The merged rootfs says "this file is gone," but the bytes in an older layer may still exist in the image history/storage graph.

That is the image-layer version of sweeping dirt under a rug and then declaring the house immaculate.


Multi-arch images

An image tag may refer not to one image manifest but to a manifest list / image index containing entries for multiple platforms.

Example platforms:

  • linux/amd64
  • linux/arm64

The runtime chooses the appropriate platform-specific image based on host/requested platform.

Why you care

  • same tag may resolve differently on different architectures
  • buildx and multi-platform publishing make this common
  • debugging "works on my machine" image issues sometimes comes down to architecture mismatch

Pull flow

Simplified pull sequence:

client/runtime resolves reference
  -> authenticate if needed
  -> fetch manifest/index
  -> determine platform
  -> fetch config and missing layers by digest
  -> verify digests
  -> store blobs locally
  -> unpack/snapshot for runtime use as needed

This is content-addressed, which is why shared layers and digest verification work.


Build cache

Image builds often reuse prior layers if instructions and inputs are unchanged enough.

Why cache matters

  • dramatic speedup
  • predictable rebuild behavior when designed well
  • poor Dockerfile ordering destroys cache efficiency

Good general pattern

Put more stable steps earlier:

  • base image
  • package manager metadata/install patterns
  • dependency manifests
  • source copy later if source changes frequently

Bad pattern

Copy the entire repo first, then install dependencies. Tiny code change now invalidates expensive dependency layers.

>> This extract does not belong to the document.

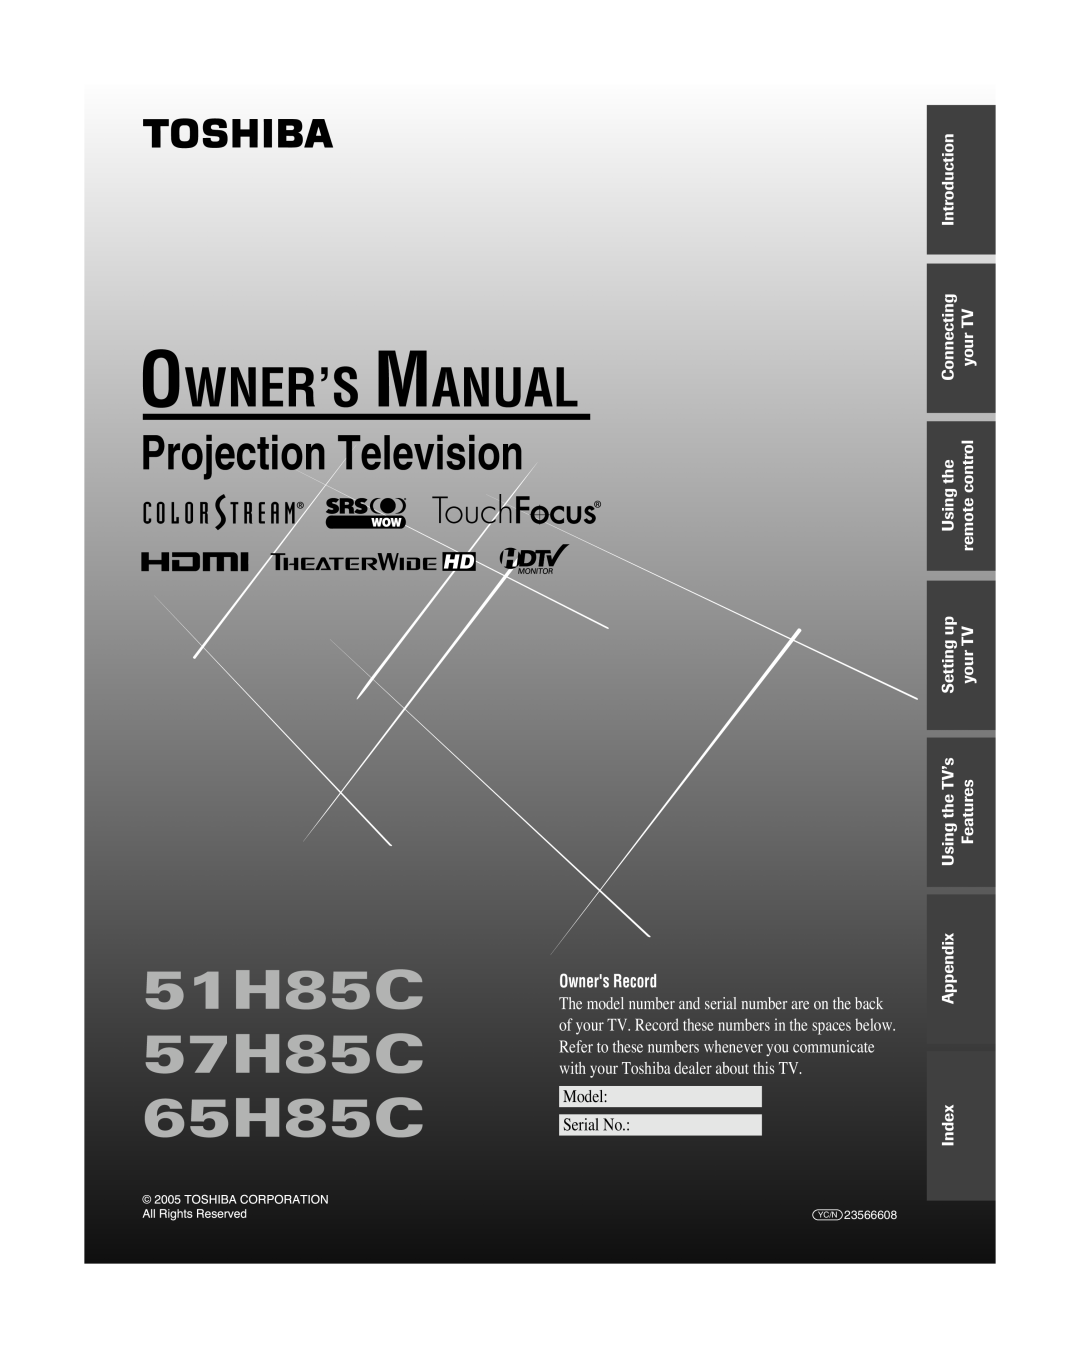 Toshiba owner manual 51H85C 57H85C 65H85C, Projection Television, Owners Record, Model Serial No, Introduction, yourTV

Container image security implications

What image internals tell you operationally

  • mutable tags are risky
  • layer history can preserve data you thought you deleted
  • base image lineage matters
  • too many packages increase attack surface
  • secrets copied during build may end up in layers/history
  • image scans operate on filesystem/package content but are only part of the story

Common mistakes

  • baking secrets into layers
  • giant general-purpose base images
  • relying on latest
  • assuming deleting a secret in later build step removes it from image history safely

Runtime startup from image

When starting a container from an image:

  1. image reference resolves to content
  2. local snapshot/mount structure is prepared
  3. writable upper layer is added
  4. OCI runtime spec says what process to run
  5. process executes in that merged filesystem

So the image supplies filesystem and metadata defaults; the runtime supplies the process environment and isolation context.


Debugging image issues

Symptom: image huge

Likely causes:

  • poor layer ordering
  • package caches retained
  • unnecessary tooling in runtime image
  • copied build artifacts / source / test data
  • deleting in later layers instead of avoiding inclusion earlier

Symptom: rebuild slow

Likely causes:

  • cache invalidation too early in Dockerfile
  • mutable base image changes
  • dependency install step not isolated
  • registry/cache not reused

Symptom: file "deleted" but image still large

Whiteout/layer-history problem.

Symptom: different results on different hosts

Possible causes:

  • multi-arch tag resolves differently
  • mutable tag drift
  • different runtime unpack/storage behavior
  • different build context or ignored files

Interview angles

Questions hidden here:

  • difference between image and container
  • what a layer is
  • why tags are mutable and digests are preferable
  • how overlayfs presents image + writable layer
  • why deleting files in later layers may not shrink image as expected
  • what multi-arch images are
  • why Dockerfile instruction order affects caching

Strong answers tie image structure to runtime consequences.


Mental model to keep

A Docker image is:

  • a manifest and config
  • plus ordered content-addressed filesystem layers

A running container is:

  • that read-only layered filesystem
  • plus a writable upper layer
  • plus a process launched by the runtime

If you separate build-time image identity from runtime container state, most confusion disappears.